К лету пресытившись солнцем, дождями и ветром сад наслаждался спокойствием, радовал пришедших в него первыми плодами. Детвора слеталась со всей округи, залезала на ветки и уплетала за обе щёки с дивным вкусом шелковицу, перепачкав одежду, руки и рот в чернильный цвет. К середине лета поспевали сладкие как мёд абрикосы, сахарные белые сливы и крупная радужная черешня.
Осенью райский сад искушал янтарными яблоками, которые к концу осени дозревали до рубинового цвета. Заманивал вернувшихся с каникул школьников спелыми грушами, стоило лишь поднять их с земли, чтобы насладиться вкусом дюшеса. На переменках детвора набивала полную пазуху яблок, а затем на уроках хрустели неутомимые челюсти. Учителя сквозь пальцы смотрели на жующую детвору, они видели в этом только пользу.
Ближе к зиме сад желтел и краснел, торопливо менял яркую одежду на драное платье Золушки. Скоротечно лысея, он обнажался, открывая взору хитросплетения ветвей, беспробудно засыпал под цветастым шелестящим пледом. Смерть его была упоительно изящной. Глубоко проросшие корни сохраняли ему жизнь до следующего возрождения, чтобы весной вспыхнуть яркими красками.

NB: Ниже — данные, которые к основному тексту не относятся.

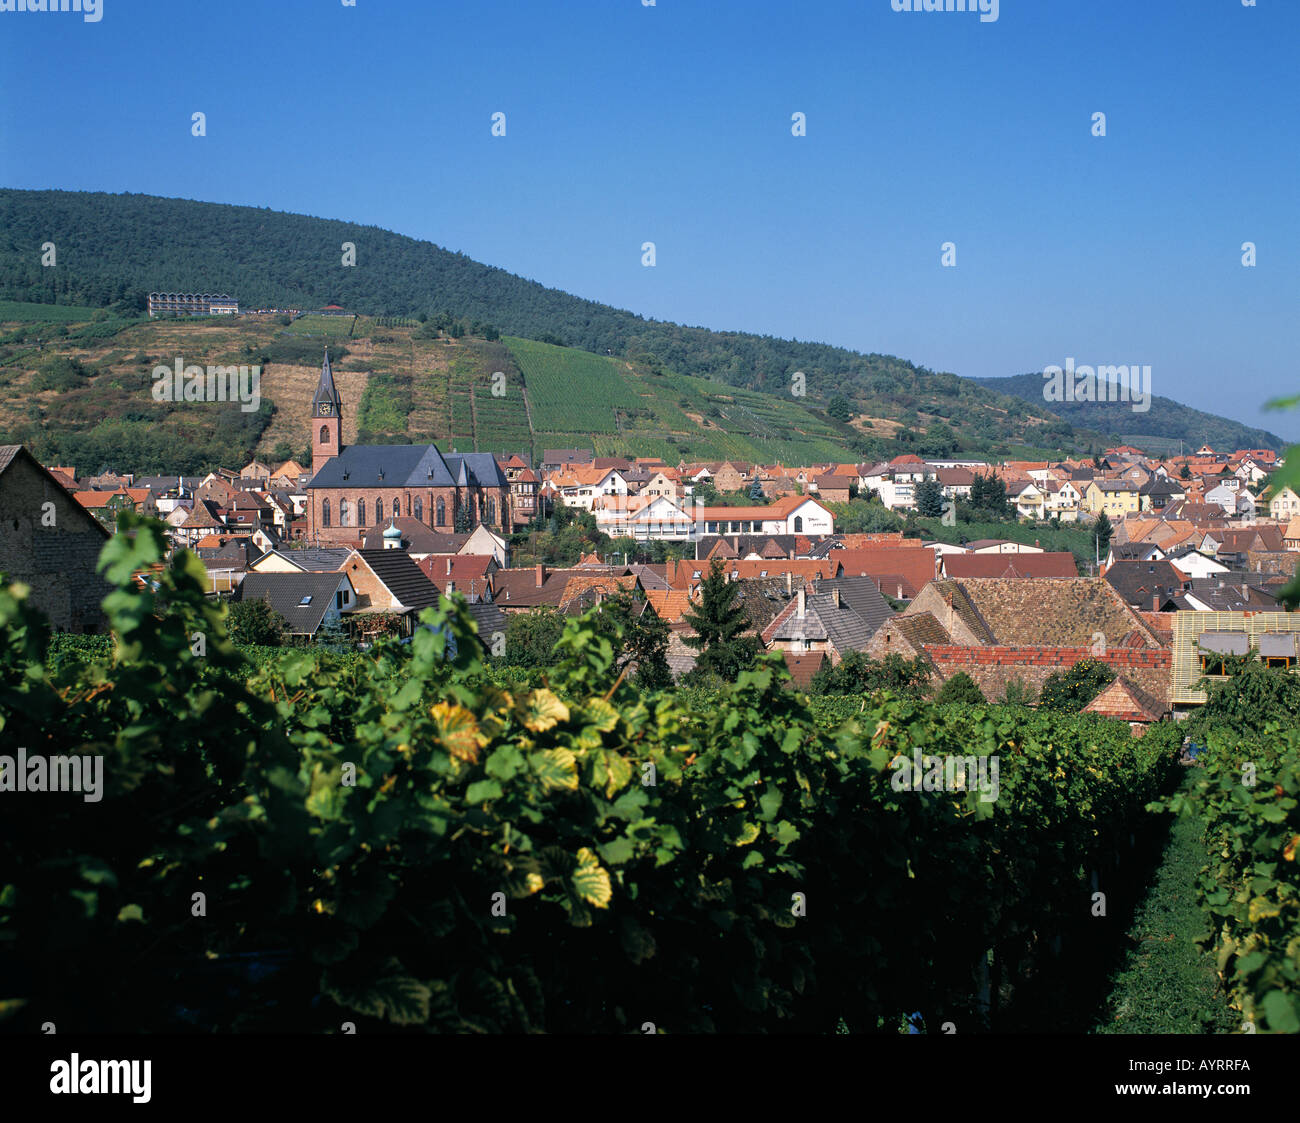 Stadtpanorama vom Weinort St. Martin inmitten von Weinbergen, Deutsche Weinstrasse, Naturpark Pfaelzerwald, Rheinland-Pfalz Stock Photo

Девочки приблизились к саду, ускорили шаг, чтобы набрать яблок. Рыжеволосая бестия с озорными рыжими конопатками рассказывала длинноногой смуглянке:
– Я вчера смотрела по телевизору передачу, в которой показывали, как сделать ежа из яблока. Очень интересно. Я хочу его сделать.
– И я смотрела передачу, и мне понравился ёж. Давай вдвоём сделаем.
– Я даже перо для чернильной ручки принесла, чтобы вырезать иголки.